Você citou Thomas Hobbes, o filósofo que eu mais estudei. Thomas Hobbes fala assim na guerra de todos contra todos e como você supera essa situação que poderíamos chamar de barbárie – não é um termo que ele emprega –, como você supera isso pelo advento do Estado e das relações políticas e sociais. Mas poderíamos também dizer que a principal razão para pôr fim à guerra de todos contra todos é preservar as pessoas da morte violenta, da morte que viria antes da data normal que uma pessoa viveria e temos isso no nosso horizonte, temos 600 mil brasileiros pelo menos que morreram antes da sua data precisa, antes da data em que poderiam morrer, porque não foram tomadas as medidas necessárias de cautela e também de vacinação em relação a elas. 

O senhor é um pensador de renome no Brasil, mas sabe como os livros de debate sério são difíceis de vender, ao passo que o debate rasteiro dos comentaristas simplificadores à la Jovem Pan acaba sufocando a verdade. Como reverter isso?

Muito obrigado pelo elogio. E sim, é verdade que o debate é rasteiro, vende muito bem, é verdade que existe uma frase de um jornalista americano Mencken que diz que para toda questão complexa tem uma solução simples e errada. Eu acho que é justamente essa esperança em soluções simples que remetem um pouco à ideia de milagres de que eu falei na primeira resposta, que está muito em jogo no Brasil, quer dizer, de como nós podemos fazer com que o país viva de uma maneira melhor. Nós precisamos realmente ter um nível melhor de educação e não só educação formal, educação universitária e tudo mais, mas também a própria educação política.

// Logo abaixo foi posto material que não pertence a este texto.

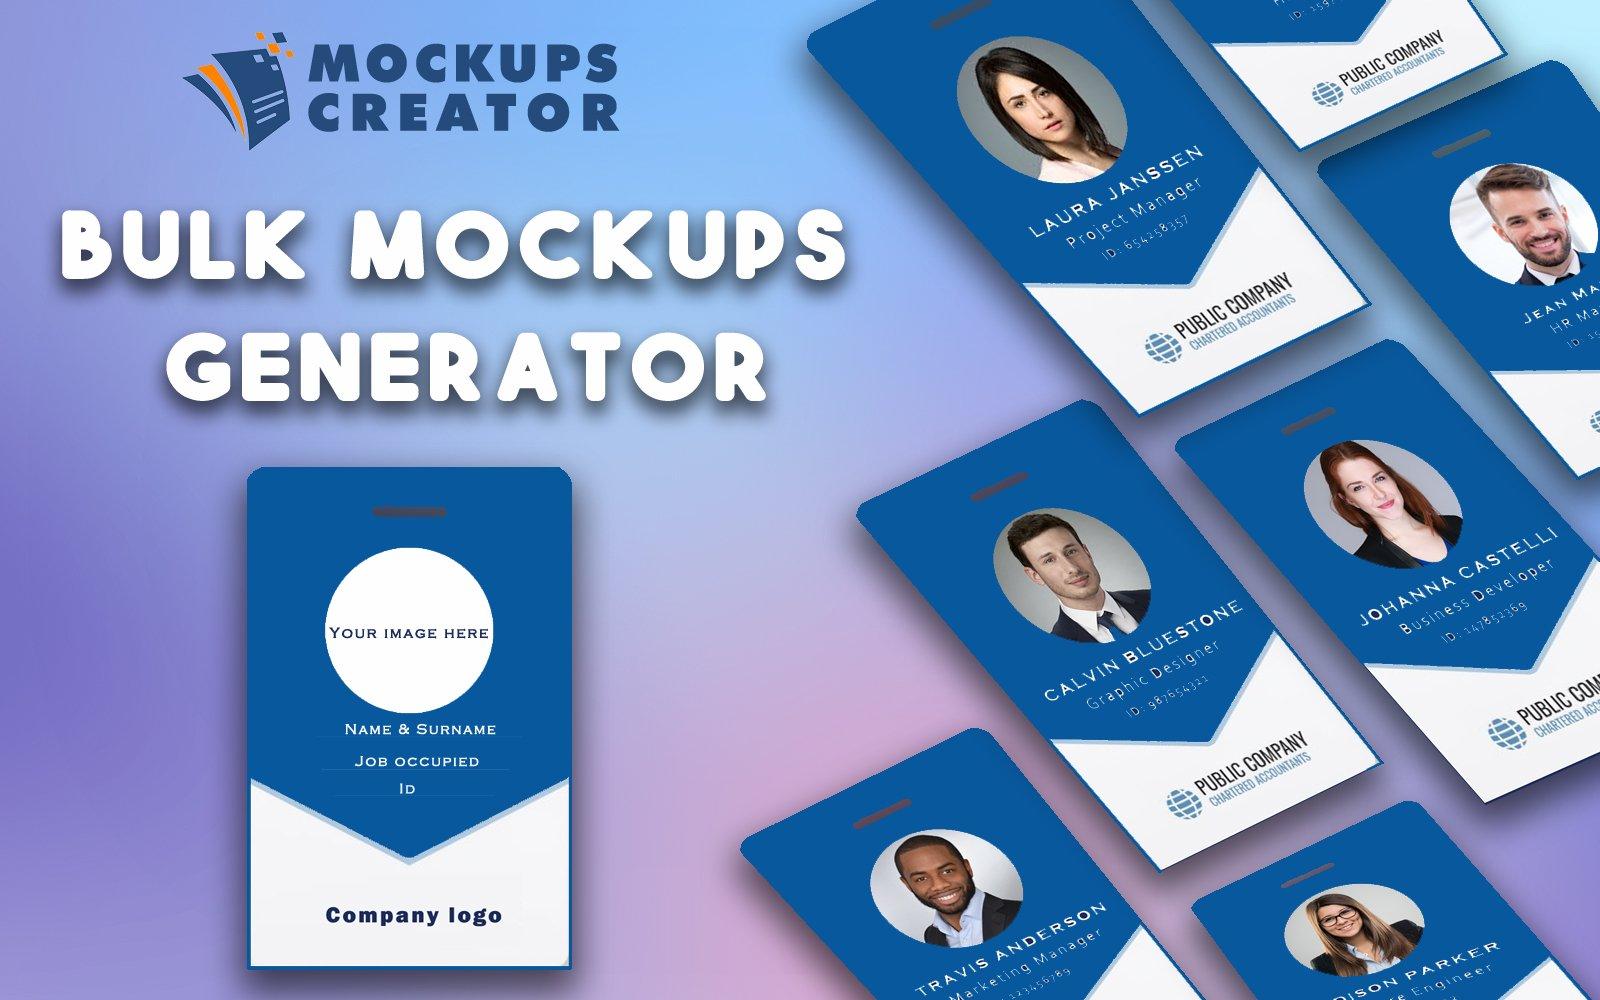 Mockups Creator - Automatische mockups-generator WordPress-plug-in

É muito preocupante que o Brasil, quando vai discutir política, se limita à questão da corrupção. A corrupção é um problema e, sem a menor dúvida, tem que ser combatida. É errada eticamente, prejudica a sociedade economicamente, mas opções erradas em termos políticos podem causar muito mais danos. Você veja, se comparar o que a Operação Lava Jato, que se vendeu como um produto de combate à corrupção, o que ela conseguiu de retorno de dinheiro comparado com o prejuízo que ela causou ao PIB, é um saldo extremamente negativo. Nós temos que entender que a grande questão é que os partidos têm a obrigação de lançar candidatos competentes e honestos. Mas a escolha entre eles tem que ser uma escolha legitimamente ideológica de valores. Eu quero o quê? Eu quero um governo que faça políticas sociais de redução de desigualdade ou quero um Governo que deixe mais ou menos cada um por si? Essa é uma grande opção que democraticamente deve ser feita sem impedir candidatos favoritos de concorrer, prática comum em ditaduras e regimes não democráticos. Penso que se melhorarmos a educação política, se ensinarmos mais as pessoas a discutirem programas do que a destilarem seu ódio, o Brasil pode ganhar muito com isso.